Question: isn't a map of an uncharted world an oxymoron?

a map is a chart.  To be uncharted, is to be unmapped.

Once you map it, it is no longer uncharted.


----------



## Vascant (Jan 23, 2012)

Janx said:


> nice maps.
> 
> Question: isn't a map of an uncharted world an oxymoron?
> 
> ...



Depends on if you limit the meaning of uncharted to just maps, also can be used to describe something that has not been investigated as well.  Further, just because 1 person has a map does not mean everyone knows whats on the map.  So for players it can still be uncharted 

The basic idea for me is simple, I want to run an underdark campaign and felt it was better served with a vast underdark map rather then just bouncing players from one dungeon to the next with minimal flavor in between.


----------



## Vascant (Jan 30, 2012)

I needed to catch up the campaign map to the current map panel, even though map panel #22 is released I have finished up to map panel #25 so it shows a few panels you can't download yet.  I like to be a few weeks ahead of schedule so allows room for when things take up real life unexpectedly.

I am still figuring out which direction I will be moving, either north to the small community that lives in the spires above the lake or southeast to the drow city.

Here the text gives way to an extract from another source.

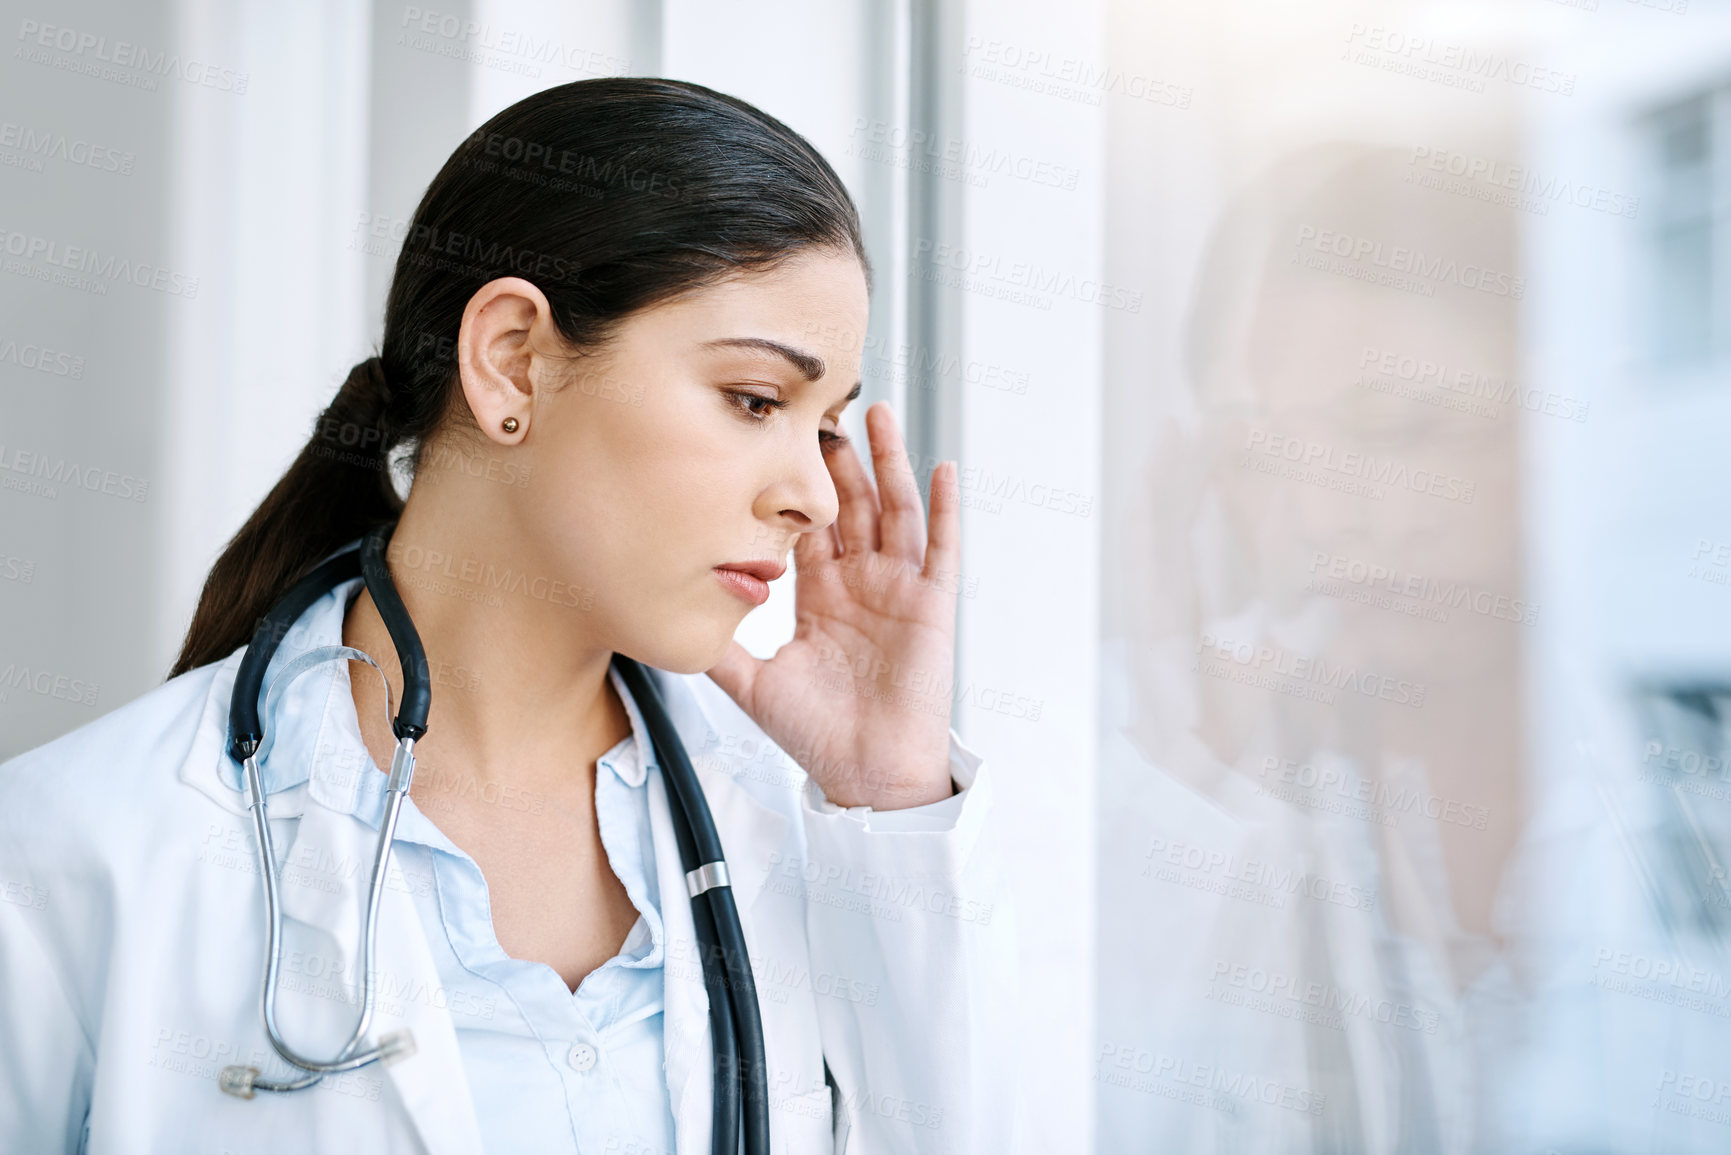 Buy stock photo Shot of a young female doctor looking stressed out while standing at a window in a hospital

You can download full versions of all the maps on the site but be warned, the full campaign map is 18 inches by 24 inches.


----------



## Vascant (Feb 24, 2012)

This is the first map panel release for Campaign Map #4, the goal for these 9 panels is to provide the base for lengthy exploring of long winding passage ways and small cluster of rooms or alcoves.  These maps should provide countless sessions of underdark fun for any group.

I have also started working on creating Dungeon Tiles of the same personality of the Lake of Spires maps and have the first three sets available on the site to download for free.


----------



## Vascant (Mar 3, 2012)

This is map panel #2 for Campaign Map #4, the goal of CM #4 is to provide DM's with over 200 rooms of adventure goodness.  This map panel puts the count to 61, with small areas broken up so your adventures can wander around exploring passages ways hoping to find the right one.


----------



## Alok Silverspear (Mar 21, 2017)

Hi mate did you ever work on that forest area map you mentioned?


----------



## Hussar (Mar 22, 2017)

Boo, threadomancy. 

Yay, excellent thread to raise from the dead.

Boo, dead link to the site.  

Anyone know where this project might reside?


----------